Source records
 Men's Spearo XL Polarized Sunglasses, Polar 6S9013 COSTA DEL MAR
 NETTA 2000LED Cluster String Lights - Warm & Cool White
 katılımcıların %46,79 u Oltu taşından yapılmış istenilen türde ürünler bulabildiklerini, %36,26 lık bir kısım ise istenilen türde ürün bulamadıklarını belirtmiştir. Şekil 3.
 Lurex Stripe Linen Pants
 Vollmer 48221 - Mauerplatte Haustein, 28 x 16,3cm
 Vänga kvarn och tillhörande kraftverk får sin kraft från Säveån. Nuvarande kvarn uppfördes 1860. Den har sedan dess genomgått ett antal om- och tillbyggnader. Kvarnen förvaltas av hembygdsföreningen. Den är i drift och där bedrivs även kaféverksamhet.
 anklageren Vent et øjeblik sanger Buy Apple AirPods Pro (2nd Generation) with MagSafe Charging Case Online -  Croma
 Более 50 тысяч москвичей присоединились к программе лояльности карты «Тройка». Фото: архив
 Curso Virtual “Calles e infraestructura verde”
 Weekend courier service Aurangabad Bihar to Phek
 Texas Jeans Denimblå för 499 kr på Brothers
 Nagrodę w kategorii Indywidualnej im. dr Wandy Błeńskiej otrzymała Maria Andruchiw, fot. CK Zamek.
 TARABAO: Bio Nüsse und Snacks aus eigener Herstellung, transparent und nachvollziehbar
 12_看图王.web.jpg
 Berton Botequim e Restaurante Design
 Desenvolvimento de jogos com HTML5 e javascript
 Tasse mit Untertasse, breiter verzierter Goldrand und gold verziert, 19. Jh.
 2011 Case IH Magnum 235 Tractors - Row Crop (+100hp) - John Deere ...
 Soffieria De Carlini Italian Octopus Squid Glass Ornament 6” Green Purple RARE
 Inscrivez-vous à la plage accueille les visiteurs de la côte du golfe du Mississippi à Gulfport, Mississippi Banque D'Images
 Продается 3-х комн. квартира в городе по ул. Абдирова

What the task asks
What belongs in the answer is each line of the listing that contains the word "Case".

Output of the task
 anklageren Vent et øjeblik sanger Buy Apple AirPods Pro (2nd Generation) with MagSafe Charging Case Online -  Croma
 2011 Case IH Magnum 235 Tractors - Row Crop (+100hp) - John Deere ...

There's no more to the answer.